L’antico Simbolo della nostra fede inizia con quel verbo che abbraccia tutti i contenuti espressi nei vari punti della formula: io credo. Ma cosa significa realmente credere? Ogni buon credente sa bene che “credo in Dio” non significa semplicemente “ritengo che Dio c’è”. Nel linguaggio quotidiano usiamo con disinvoltura tantissime volte questo verbo, attribuendogli diversi significati: penso, ritengo possibile, immagino… Ma nel linguaggio religioso questo vocabolo s’ingigantisce improvvisamente, diventa improvvisa assunzione di responsabilità, scelta di vita, consapevolezza di una realtà. E’ un verbo che contiene mille verbi, che contiene Dio e l’uomo, che contiene tutta quanta la mia vita, quella degli altri, il senso stesso dell’universo. Proverò qui di seguito a tradurlo con altre espressioni, ben sapendo che esse rappresentano solo una parte di questo tesoro che le mani dell’antica Tradizione ci hanno consegnato.

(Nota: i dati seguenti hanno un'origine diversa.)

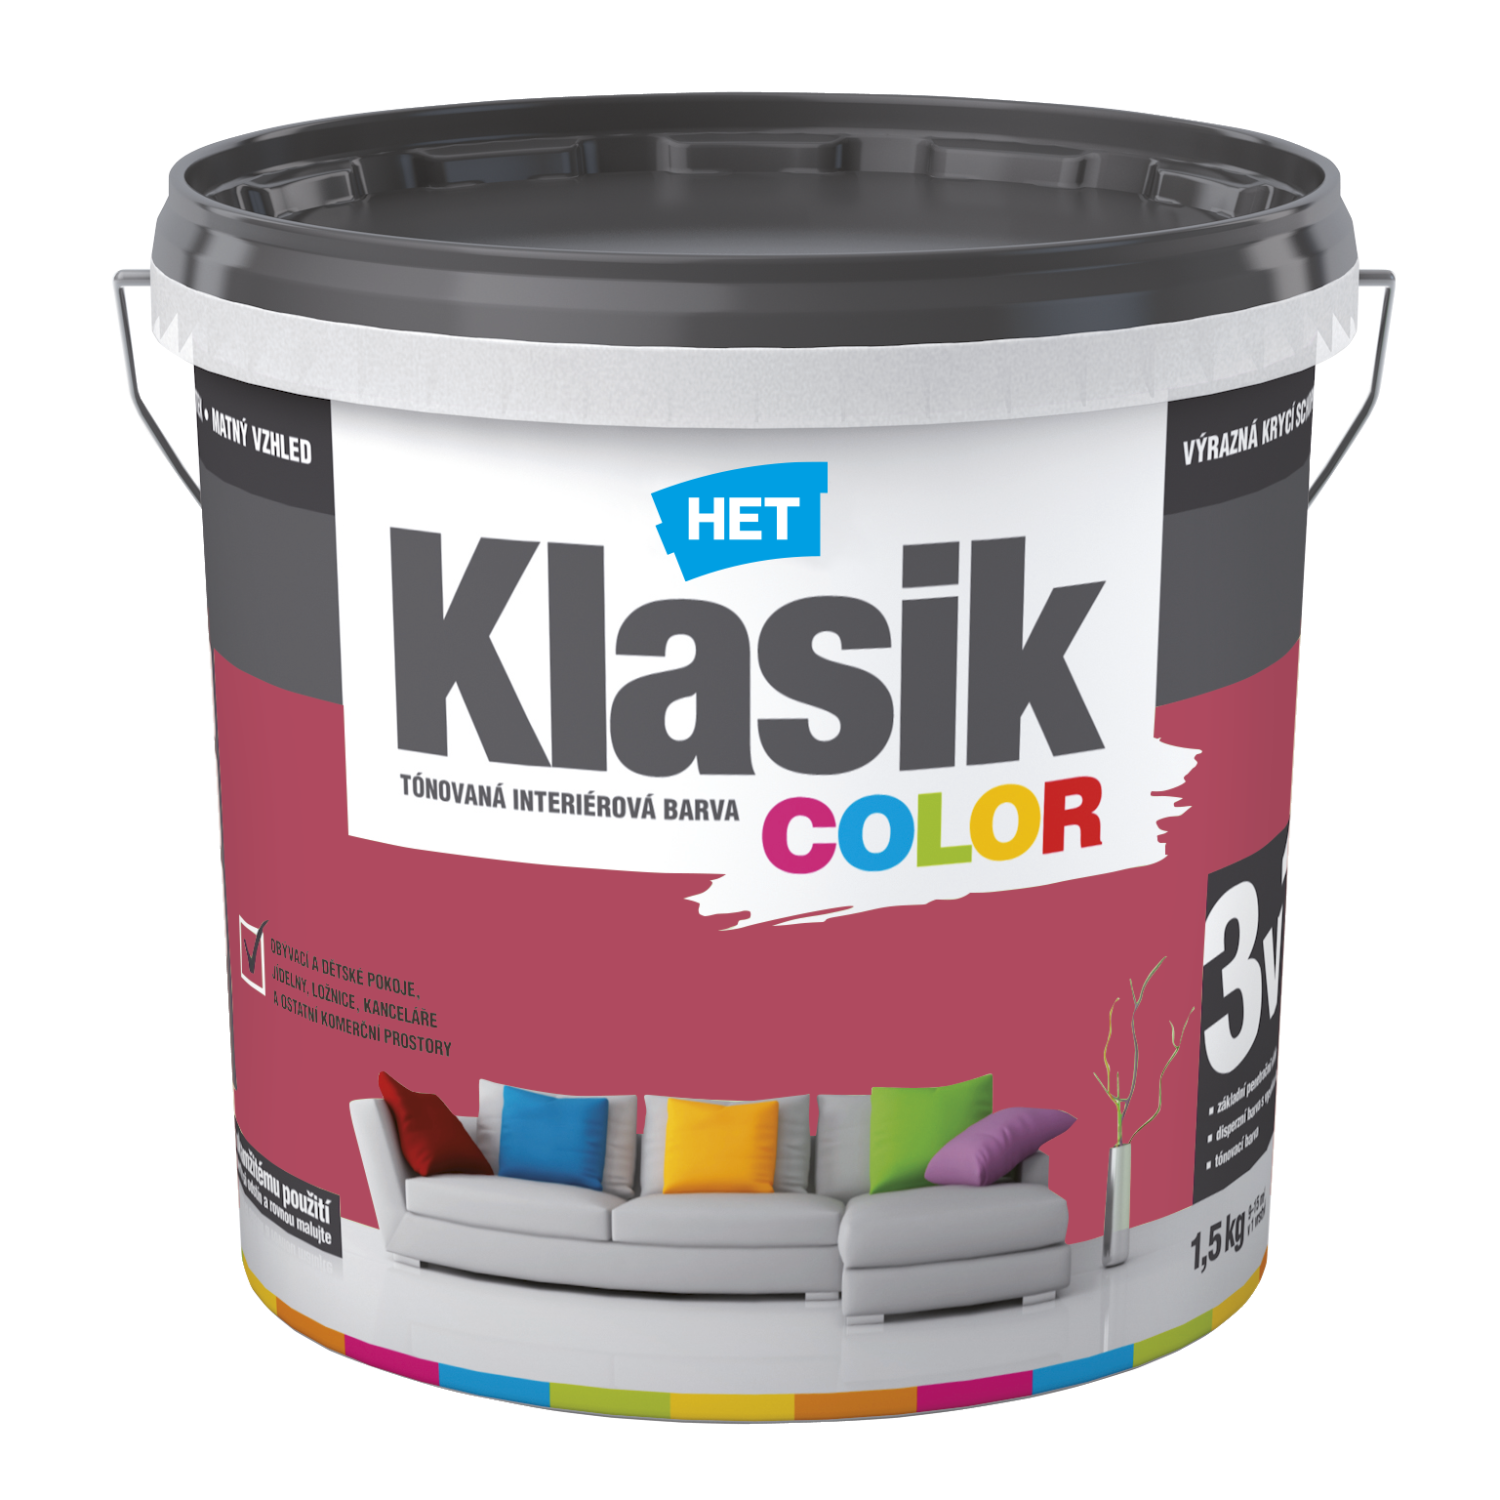 HET Klasik COLOR tónovaná interiérová akrylátová disperzná oteruvzdorná farba 1,5 kg, KC0897 - vínový

“Io credo in Te, io mi affido a Te, mi fido di Te e a Te mi consegno, a Te dono la mia vita, la mia anima, le mie forze, il mio cuore. Da Te mi sento amato, protetto, custodito. Tu dai senso alla mia vita, Tu mi hai fatto scoprire la direzione da seguire, Tu sei la mia meta. Tu mi hai rivelato le tue verità, ed io in Te le credo. Tu mi hai donato la vita, ed io ora vivo. Io sono rinato, io risorgo, io spero. Ero nelle tenebre ma ora vedo, Tu sei luce per i miei passi, le mie scelte, le mie decisioni. Io ti lascio decidere per me. A Te mi arrendo, a Te mi consegno.
Depongo le armi della mia malvagità, accetto di essere istruito nel cuore, ascolto la tua Sapienza, progetto la mia vita secondo il tuo progetto. In Te ripongo ogni fiducia, in Te confido, spero, trovo riparo. Mi metto alla tua sequela, perseguo le tue virtù, indosso la tua armatura. Ti guardo, ti imito, voglio assomigliarti e tornare ad essere tua immagine. Ti riconosco come il Signore, ti adoro, ti contemplo. Allineo i miei pensieri ai tuoi, i miei ideali ai tuoi, i miei sentimenti ai tuoi. Avverto che Tu mi scruti e non mi nascondo, ti accolgo, ti annuncio. Ti assumo come centro attorno a cui gravitare e far gravitare. Ti desidero. Prometto di farti conoscere, di adoperare le mie parole per testimoniarti. Tu sei il mio unico punto di riferimento, su Te fondo ogni certezza. Su Te imposto le mie relazioni. A Te intendo condurre chi incontro. Io osservo la tua bellezza, io ti ammiro, io ti rendo grazie per tutte le cose. Io rinuncio a tutte le mie stampelle, i miei idoli, i miei bisogni.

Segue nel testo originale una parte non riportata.